Por: Pedro Conrado Cudriz
Diciembre es un mes especial para todo el mundo. No lo es enero ni el penúltimo mes del año, noviembre. Estos meses no generan los sentimientos y las emociones de diciembre. No nos llenan ni nos llevan a uno de los tantos finales especiales del tiempo. Diciembre es un mes de euforias y nostalgias extremas, de alegrías y tristezas inexplicables. Es un mes extraño. Y no lo sabemos a pesar del lenguaje, solo lo sentimos, como aquel inocente ciudadano que viaja en un autobús sin destino. Simplemente goza al ir de viaje en la máquina. Extraño. La gente se desborda, vive guindada de una cuerda, cualquier día es de fiesta, de tal manera que uno pierde el sentido de la orientación temporal. No sabemos si hoy es martes o domingo.
El vértigo es la señal característica, porque observamos la premura de las gentes en la ciudad, en la casa, oímos el ruido musical en el barrio, vemos el movimiento desbordante en los almacenes, pero nadie se detiene para la auto observación, o para pensarse, porque no importa, importa otra vez la rara experiencia del último mes del año, porque vivir en la nube de diciembre es lo fundamental.
No formo parte de este prototipo social ni aquel que Piedad Bonnet señaló en su última columna, La cofradía del Sr T, en El Espectador, que puede resumirse como los integrantes “que nos reconocemos con sólo mirarnos, odiamos los eventos multitudinarios. Somos mucho más felices en una reunión de pocos amigos, ojalá de vieja data, donde no tengamos que ser inteligentes ni hablar de nada importante y donde la risa y la comodidad vayan de la mano.”
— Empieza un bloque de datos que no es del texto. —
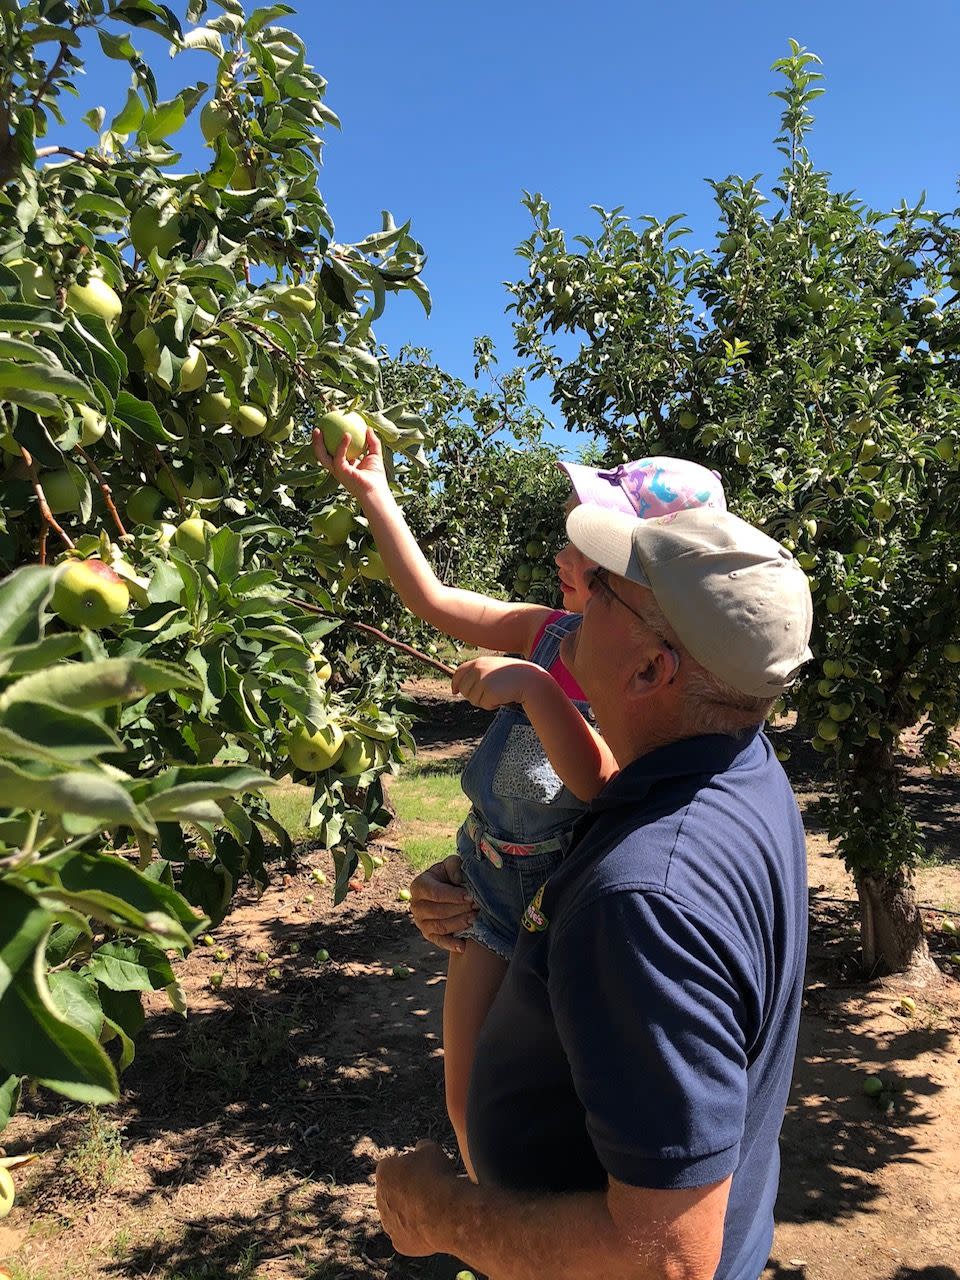 17) Apple Annie's Orchard in Wilcox, Arizona

No, no formo parte de esta cofradía. Confieso que soy aburridor o puedo serlo, porque el tedio se apodera de mí, me supera, una vez llego al lugar de la fiesta. En la última invitación donde estuve este mes que muere sin remedio, en una renovación matrimonial después de 34 años de convivencia de una pareja conocida, tuve que soportar una misa de más de una hora y la perorata del cura hablando del amor eterno como cualquier fulano de esquina y luego esperar la comida entre tanta gente desconocida. Y experimentar la música ruidosa, inalterable del lugar fiestero. Hasta desesperarme por regresar a casa. Recuerdo que esta experiencia de auto marginalidad siempre me ha pasado, soy cuasi ermitaño. Me siento raro. Sí, soy raro. Donde mejor me siento es en mi casa y en mi cuarto de estudio, o con mis amigos, que son muy pocos. Anoche, en mi celebración de otro de mis cumpleaños infinitos- que todavía no son inmortales, porque los serán a los cien años – mi hija le decía a su mamá y a los demás invitados de la familia, tomémonos la foto rápido antes que papá se aburra y se vaya a dormir. Así soy yo, pero nadie entiende esta clase de sustancia marginal mía.
Diciembre me mata, me transforma en su ser nostálgico de la nada, inocula un sentimiento que he sido incapaz de definir, puede ser tristeza sin serlo, o nostalgia sin serla. Vivo este mes en el limbo, un perro herido y perdido en las calles de la ciudad, porque en ningún lugar estoy o me siento bien; algo me corroe por dentro, algo me está cobrando o robando la poca felicidad de finales de año. Tal vez estoy de acuerdo con Silvia Plath cuando dijo: “Por favor, no esperes que siempre sea buena, amable y amorosa. Hay momentos en los que seré fría, irreflexiva y difícil de entender.”